Они присели на скамью во дворе. Людей не было. Уже вечерело, становилось прохладно.
— Ну так давайте покрестим. — Погостин вдруг коснулся ее руки: — У вас горе?
— Не знаю, — зябко повела плечами Наташа. —
Я не знаю... Я просто не знаю, что делать, батюшка...
— А что делать... Горем поделишься — оно меньше станет. Радостью поделишься — больше станет.
— Это не горе, Андрей Олегович. Это ужас какой-то... Вот вы мне скажите: как христианство относится к смерти?
— Вы ведь говорите не о смерти как таковой, — с легкой укоризной сказал Погостин. — Вы ведь о другом?
— Ну да! Да! Я же прокурор, вы знаете... И вот у меня сидят люди... И я должна просить для них смерти...
— Они грешники?
— Грешники? Да они подонки! Они убийцы... Они убивали детей даже!
— И что?
— Но они же люди.
— Вот вы и сами ответили. Они жили среди людей и людские законы нарушили, стало быть, судить их должен суд людской, по всей строгости.
— Это я понимаю! Это все верно... Но это же должна сделать я!

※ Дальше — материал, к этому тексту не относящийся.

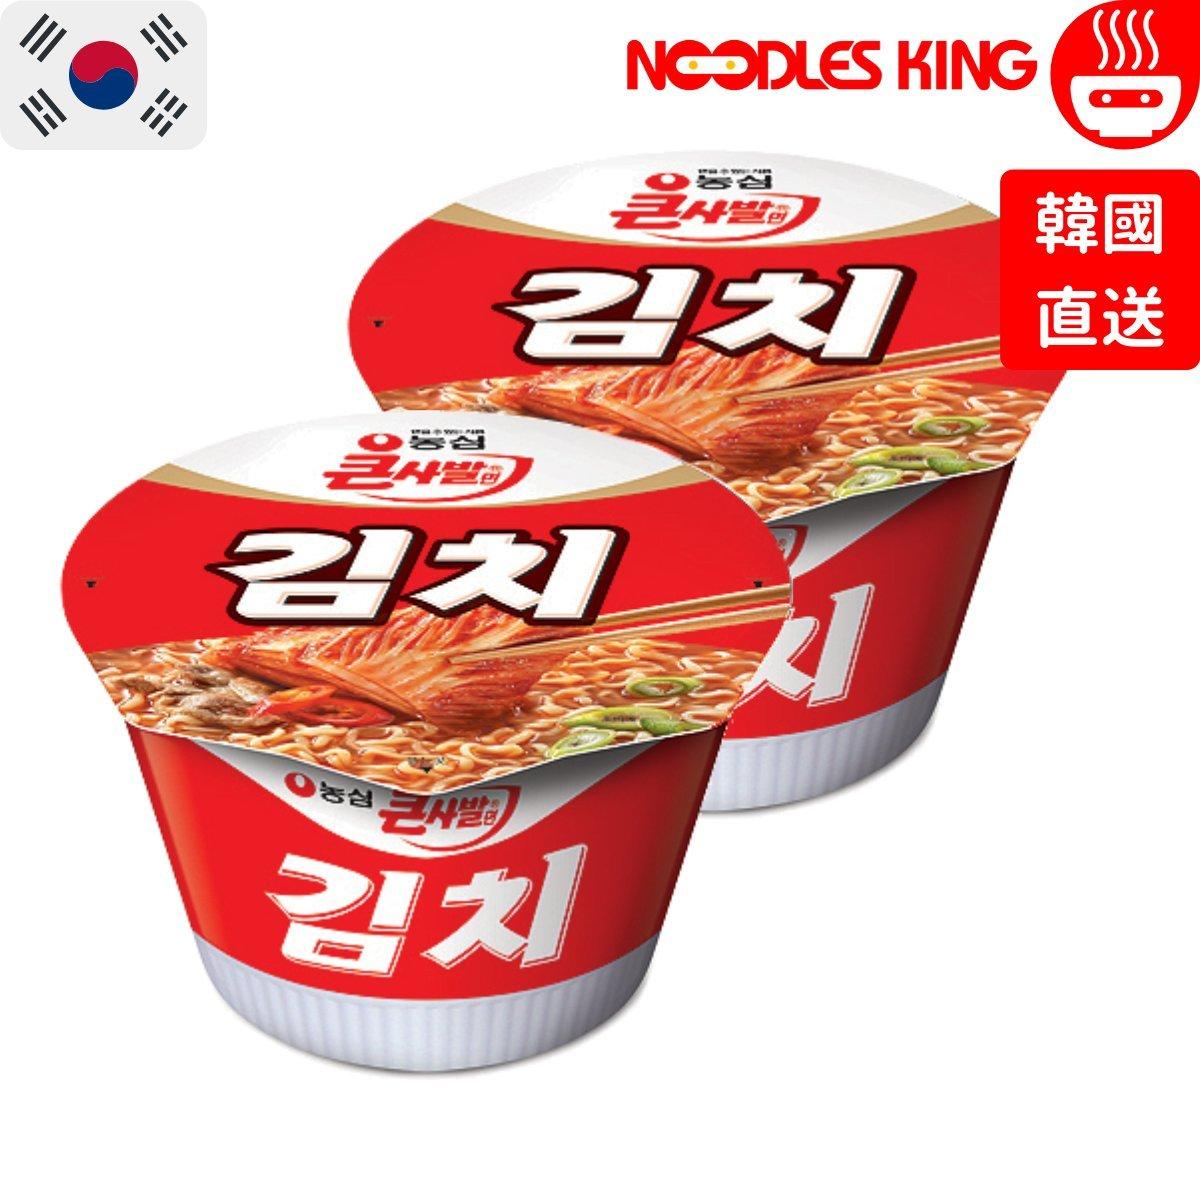 Kimchi Noodles Soup Big Bowl (Korea) 112g x 2

— Ох, милая вы моя Наталья Михайловна... Прелесть. Это называется «прелесть» в христианской иерархии искушений. Что вы сможете сделать? Если не будет на то воли Господней, ни один волос с их головы не упадет...
— Значит, когда они убивали мальчика, на то была воля Господня?
— Нет, сатаны. А Господь допустил, может быть, за грехи предков его, а может быть, прибрал дитя по святости... Младенец теперь в вечном блаженстве...
— Так же можно все оправдать! — ужаснулась Наташа.
— А вы все хотите обвинить? — мягко улыбнулся Погостин. — Мир разумен. Только разве все нам открыто? Вот Ему открыто...
— А мы, выходит, пешки?
— Что вы? Какая ж вы пешка? Вы судьбу людей решаете. И они свою судьбу выбрали. Нет, мы не пешки. Мы выбираем. По совести выбираем. Или по подлости — это уж каждому свое...
— Значит, христианство за смертную казнь?
— Против. Господь человеку жизнь дал, Он единственный ее и отнять может.
— Но как же тогда?..
— А я уже говорил — ни единый волос с головы не упадет... Но знаете, Наталья Михайловна, может быть, суд для грешников этих страшных — последняя возможность покаяться. Не отнимайте у них этого. Дайте им расплатиться за земные грехи сполна.
И Наташа вдруг поняла, что именно этого она и добивалась на процессе — покаяния. И оно уже начинало светиться в глазах Склифосовского, Панкова, Костенко, Целкова, кажется, с ним ушел из жизни Ванечка Стукалин.
— А я буду за них молиться, — вдруг прибавил
Погостин. — И за вас.
И что-то произошло в душе Наташи. Она вдруг порывисто склонилась к руке священника и поцеловала ее.
— Я обязательно покрещу свою дочь, — прошептала она.
— И слава Богу...
Когда вернулась домой, Виктор сказал:
— Звонили тебе. Кто-то там покончил жизнь самоубийством из подсудимых... Повесился, что ли...
— Кто?!
— Целиков... Целкин...
— Целков... — выдохнула Наташа опустошенно.
Этот маленький суетливый человек оказался са
мым слабым. Или самым сильным?
Наташа почувствовала, что черная дыра, разверзшаяся перед ней, подступила к самым ногам.
Она бросилась к кроватке Инночки, схватила ее, сонную, и прижала к себе, осыпая поцелуями и обливая слезами.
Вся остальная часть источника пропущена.